Figure 2. CDC case definition for MIS-A. Criteria fulfilled by the patient are in bold.
IL-6: interleukin-6; RT-PCR: reverse transcriptase-polymerase chain reaction; CDC: Centers for Disease Control and Prevention; MIS-A: multisystem inflammatory syndrome in adults.
Patients with MIS-A present a median of 28 days after SARS-CoV-2 infection with fever, hypotension, cardiac dysfunction, gastrointestinal, and respiratory symptoms. The vast majority have elevated inflammatory markers [11]. Additionally, patients are mostly young with little to no comorbidities. This patient’s initial right heart catheterization showed a mixed cardiogenic and distributive shock. While on 2 ug/kg/min of norepinephrine, the patient had an SVR of 300 dynes/sec/cm−5, indicating significant vasodilation. Additionally, she had elevated right-sided pressures, indicating right ventricular failure. This pattern of mixed shock, along with rapid improvement when treated for MIS-A, was seen in other reported cases of MIS-A [6,12-17]. The pathophysiology of heart failure in MIS-A is uncertain and may be due to myocardial stunning in the setting of a dysregulated immune response [11,15]. The propensity of MIS-A for young and middle-aged adults might be explained by their stronger immune systems when compared to older adults and the elderly [11].
The decision to start dobutamine was based on the thermodilution measurement of the cardiac index. This measurement fit the patient’s clinical picture more so than the CI by Fick. Her initial CI, normal by Fick, was likely an over-estimation and would have been much lower and consistent with cardiogenic shock were it calculated by thermodilution. While the two calculations should be within range ideally, it is not uncommon for them to be discordant. Thermodilution can be lower than Fick in the setting of right ventricular dysfunction. Opotowsky et al. compared the two methods in a retrospective study with more than 15,000 patients [18]. The authors found that the estimates of cardiac output differed by >20% in 38.1% of all catheterizations. Additionally, they found that thermodilution better predicted all-cause mortality and was, therefore, considered more accurate than the Fick method. The study did not stratify by the presence of right heart failure.
There is no gold standard of treatment for MIS-A, and treatment for the adult form has been adapted from its pediatric counterpart. The general approach is to initiate corticosteroids, intravenous immunoglobulin, and in some cases, cytokine inhibitors [17,19]. Our patient saw significant improvement after the initiation of hydrocortisone and IVIG and was weaned off of all support with improved biventricular function.
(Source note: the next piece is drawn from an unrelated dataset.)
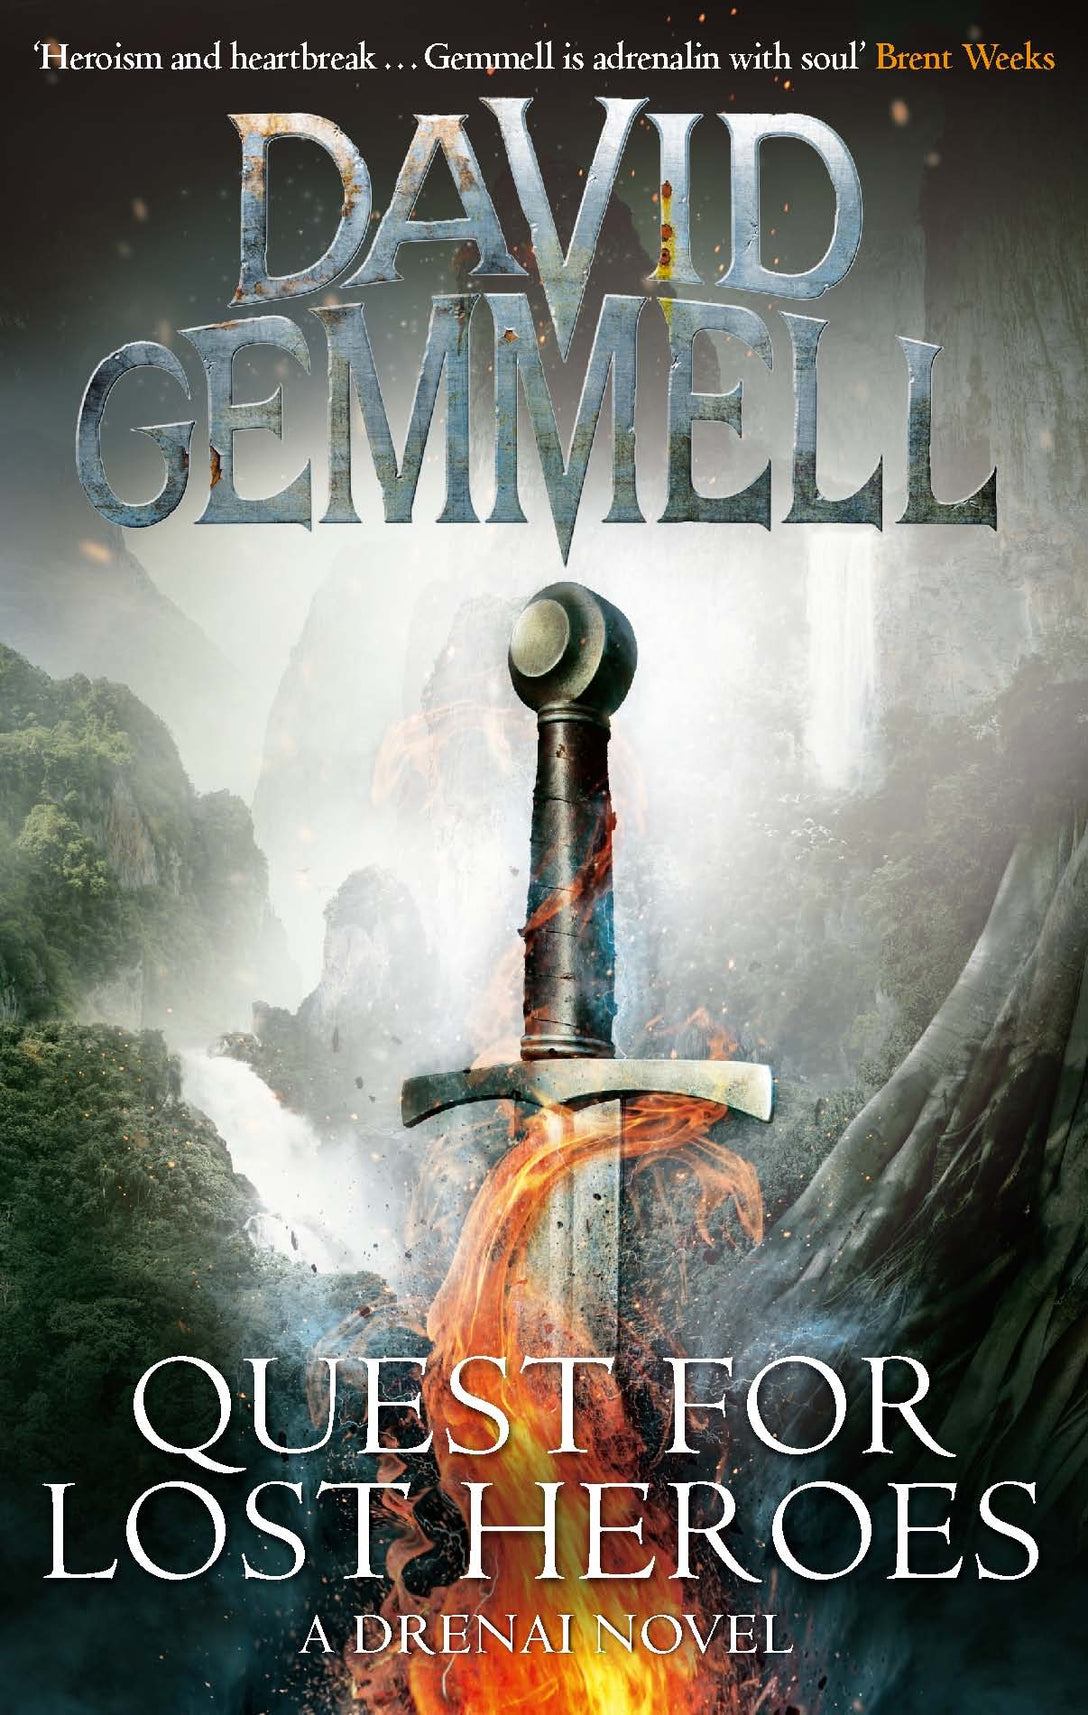 Quest For Lost Heroes by David Gemmell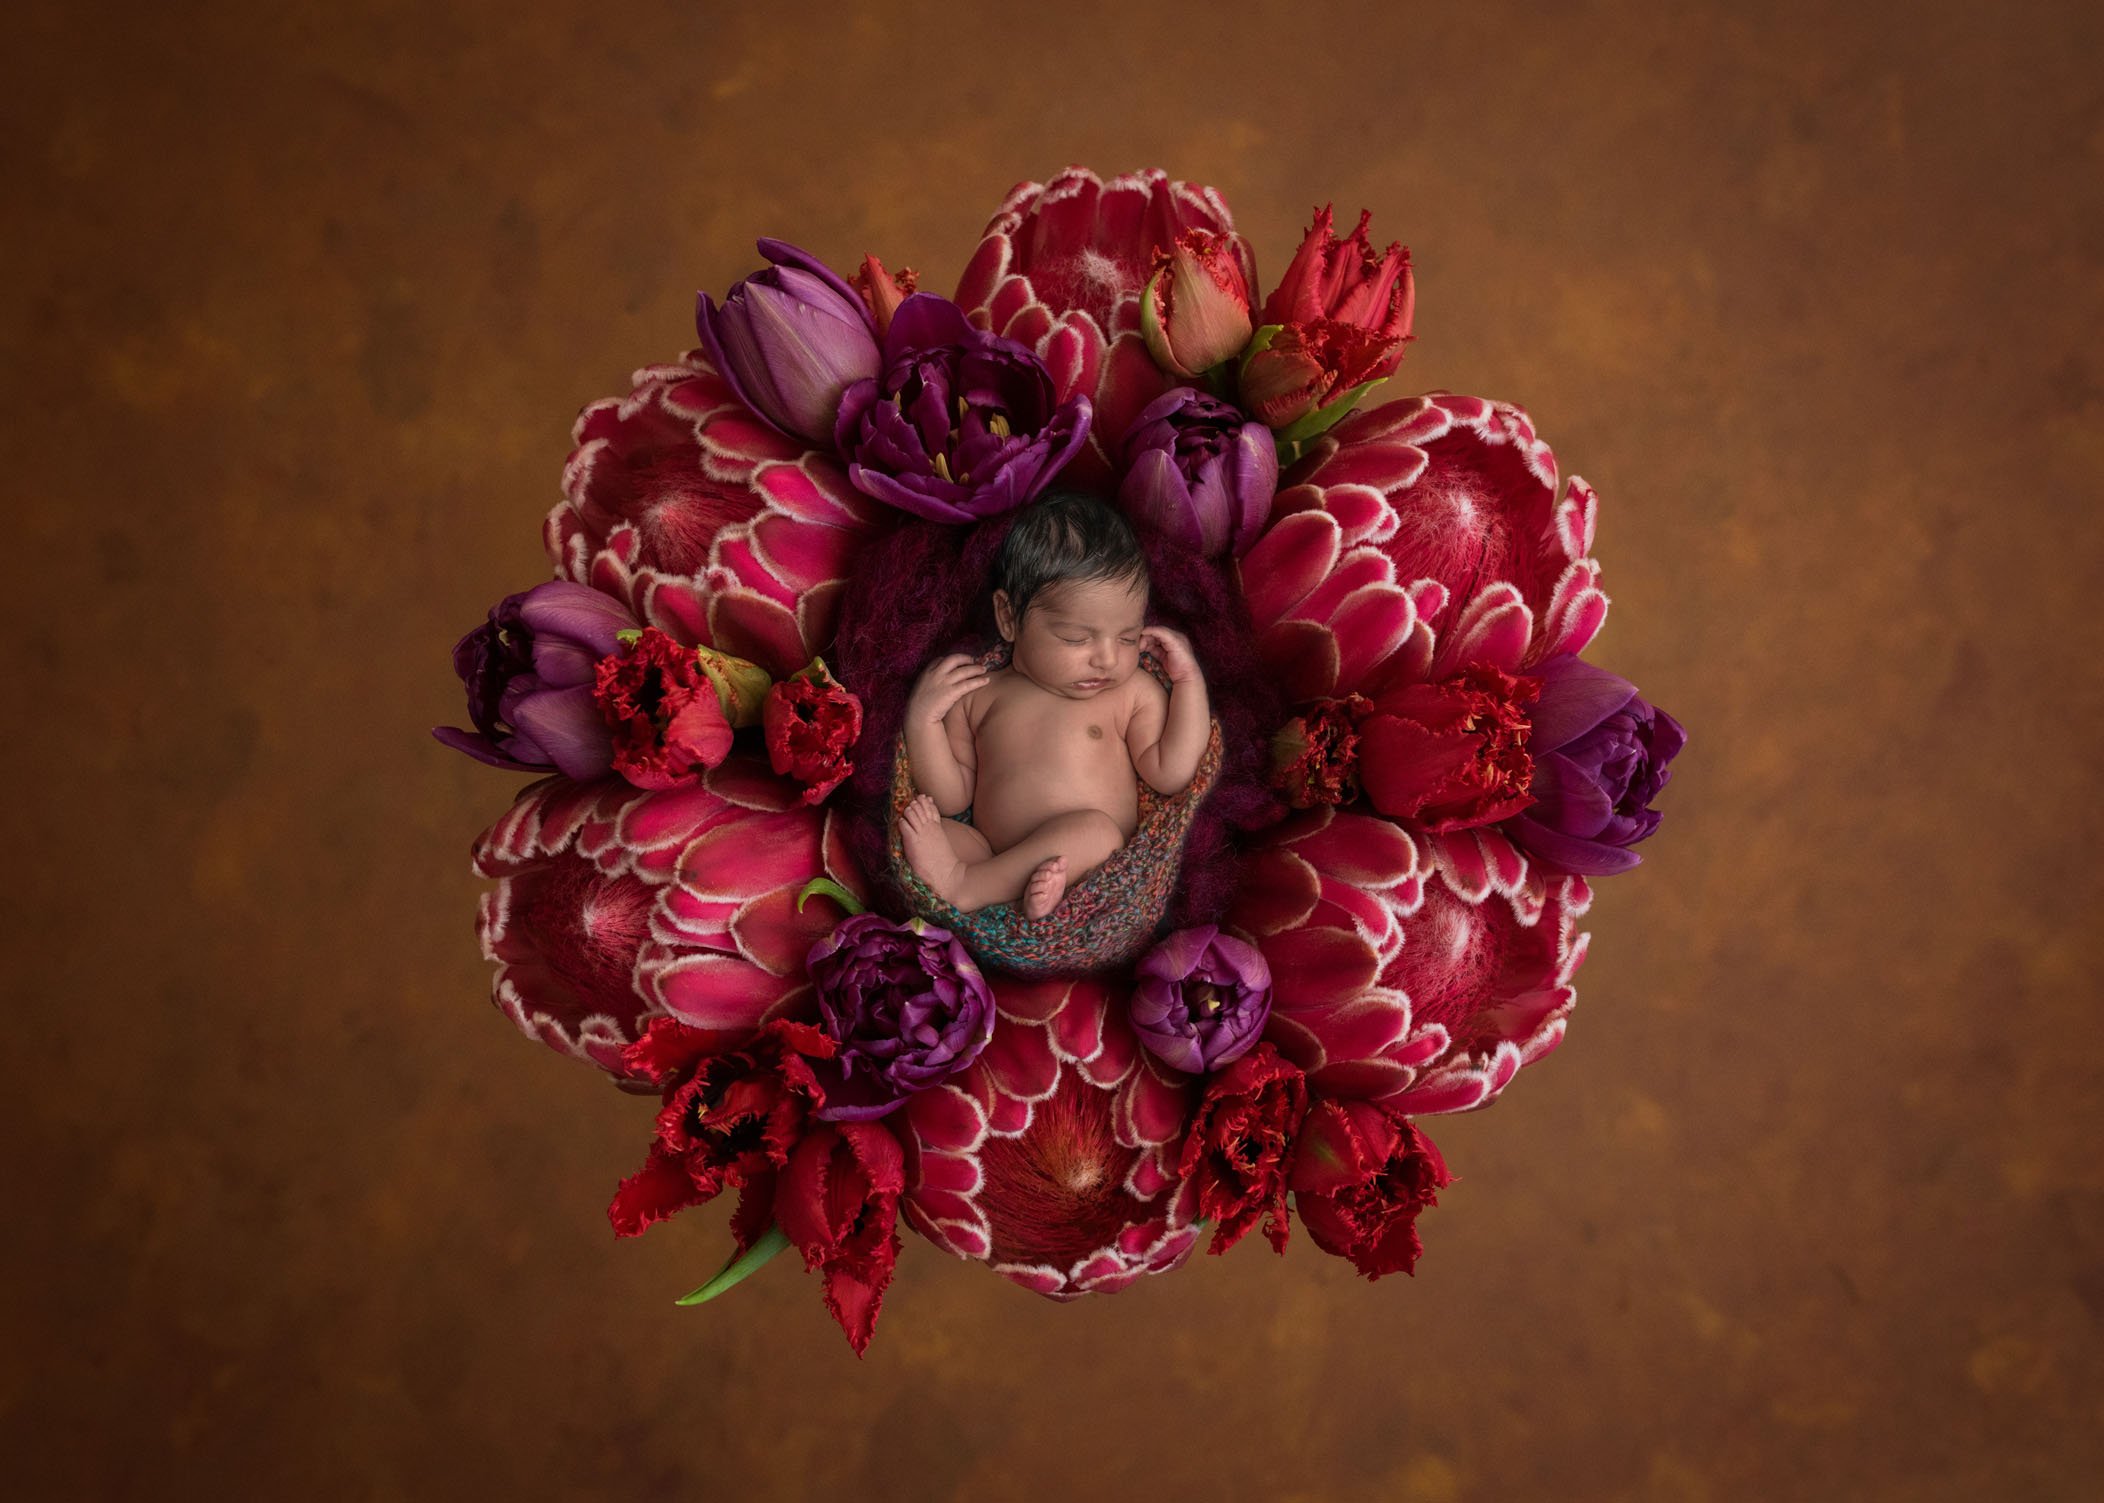 newborn baby sleeping in red and purple floral wreath

The case is limited by the lack of an endomyocardial biopsy for the evaluation of influenza myocarditis. Though the patient did not have the clinical or imaging criteria for influenza myocarditis, a biopsy is still the gold standard. However, even if a biopsy had been performed, the biopsied site may not have shown active disease [1].
Conclusions
MIS-A is a rare sequela of the SARS-CoV-2 infection and can cause a mixed cardiogenic and distributive shock. Providers should take a detailed infection history and check COVID serologies in those presenting with mixed shock, especially younger patients and those without significant cardiac history or risk factors. The diagnosis and treatment of MIS-A should be coordinated with infectious disease consultants. Corticosteroids and IVIG are the most acknowledged treatment options to which patients have responded well.
The authors have declared that no competing interests exist.
Human Ethics
Consent was obtained or waived by all participants in this study
References
- 1.Influenza myocarditis: a literature review. Baral N, Adhikari P, Adhikari G, Karki S. Cureus. 2020;12:0. doi: 10.7759/cureus.12007. [DOI] [PMC free article] [PubMed] [Google Scholar]
- 2.Viral myocarditis: 1917-2020: from the influenza A to the COVID-19 pandemics. Rezkalla SH, Kloner RA. Trends Cardiovasc Med. 2021;31:163–169. doi: 10.1016/j.tcm.2020.12.007. [DOI] [PMC free article] [PubMed] [Google Scholar]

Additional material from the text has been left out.